What you have to do
The listing below contains a span that opens with the line containing "Sweetpea Lifestyle Essential" and closes with the line containing "Обзор бака Serpent Alto компании Wotofo". Return that span exactly.
........
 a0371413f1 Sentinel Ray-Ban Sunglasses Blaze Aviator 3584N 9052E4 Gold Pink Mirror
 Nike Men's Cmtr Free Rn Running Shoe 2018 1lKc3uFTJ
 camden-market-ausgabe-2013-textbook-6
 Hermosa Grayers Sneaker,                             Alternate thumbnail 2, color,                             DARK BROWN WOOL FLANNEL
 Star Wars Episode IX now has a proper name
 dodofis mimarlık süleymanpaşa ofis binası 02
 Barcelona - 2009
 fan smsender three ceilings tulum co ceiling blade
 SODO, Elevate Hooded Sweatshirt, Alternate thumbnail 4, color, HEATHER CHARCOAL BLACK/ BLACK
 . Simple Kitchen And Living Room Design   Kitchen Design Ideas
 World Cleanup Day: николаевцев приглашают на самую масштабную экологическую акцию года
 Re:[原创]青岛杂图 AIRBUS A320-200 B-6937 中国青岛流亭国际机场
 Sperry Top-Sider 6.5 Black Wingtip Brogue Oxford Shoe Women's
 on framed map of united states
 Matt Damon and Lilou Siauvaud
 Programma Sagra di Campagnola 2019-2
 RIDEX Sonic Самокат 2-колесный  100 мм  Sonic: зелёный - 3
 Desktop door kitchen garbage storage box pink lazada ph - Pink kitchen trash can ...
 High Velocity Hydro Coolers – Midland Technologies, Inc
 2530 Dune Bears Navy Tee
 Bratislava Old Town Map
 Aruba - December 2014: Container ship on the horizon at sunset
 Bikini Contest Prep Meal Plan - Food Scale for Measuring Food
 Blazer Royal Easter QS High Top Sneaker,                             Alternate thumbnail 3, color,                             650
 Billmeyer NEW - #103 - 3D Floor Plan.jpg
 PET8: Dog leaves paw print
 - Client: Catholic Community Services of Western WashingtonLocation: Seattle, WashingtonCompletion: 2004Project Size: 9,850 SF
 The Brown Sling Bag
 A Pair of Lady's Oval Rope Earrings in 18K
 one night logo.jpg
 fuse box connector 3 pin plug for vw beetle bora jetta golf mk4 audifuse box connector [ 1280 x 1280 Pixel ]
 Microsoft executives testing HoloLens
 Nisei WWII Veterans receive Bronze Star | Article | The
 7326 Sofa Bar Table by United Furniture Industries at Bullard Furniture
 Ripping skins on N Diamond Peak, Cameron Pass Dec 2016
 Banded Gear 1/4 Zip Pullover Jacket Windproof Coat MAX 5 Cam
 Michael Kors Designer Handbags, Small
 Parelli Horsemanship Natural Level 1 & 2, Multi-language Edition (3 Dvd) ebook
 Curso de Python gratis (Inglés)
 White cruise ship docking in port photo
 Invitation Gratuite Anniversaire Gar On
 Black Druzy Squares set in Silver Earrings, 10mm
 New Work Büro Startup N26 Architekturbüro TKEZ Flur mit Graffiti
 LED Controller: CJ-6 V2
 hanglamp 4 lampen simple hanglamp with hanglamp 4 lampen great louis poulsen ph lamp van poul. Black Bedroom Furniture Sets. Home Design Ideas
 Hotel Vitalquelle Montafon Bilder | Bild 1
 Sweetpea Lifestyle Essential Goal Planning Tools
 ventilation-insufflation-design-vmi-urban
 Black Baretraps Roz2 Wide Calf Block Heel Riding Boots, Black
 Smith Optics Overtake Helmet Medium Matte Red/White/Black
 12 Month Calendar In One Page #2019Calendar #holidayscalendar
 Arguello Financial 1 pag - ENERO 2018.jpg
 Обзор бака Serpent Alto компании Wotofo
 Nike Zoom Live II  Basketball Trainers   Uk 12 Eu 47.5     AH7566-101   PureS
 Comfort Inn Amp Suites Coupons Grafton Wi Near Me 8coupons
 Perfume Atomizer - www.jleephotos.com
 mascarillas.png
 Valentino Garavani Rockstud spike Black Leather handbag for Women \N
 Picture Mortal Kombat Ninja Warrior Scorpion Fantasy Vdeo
........
Expected answer
 Sweetpea Lifestyle Essential Goal Planning Tools
 ventilation-insufflation-design-vmi-urban
 Black Baretraps Roz2 Wide Calf Block Heel Riding Boots, Black
 Smith Optics Overtake Helmet Medium Matte Red/White/Black
 12 Month Calendar In One Page #2019Calendar #holidayscalendar
 Arguello Financial 1 pag - ENERO 2018.jpg
 Обзор бака Serpent Alto компании Wotofo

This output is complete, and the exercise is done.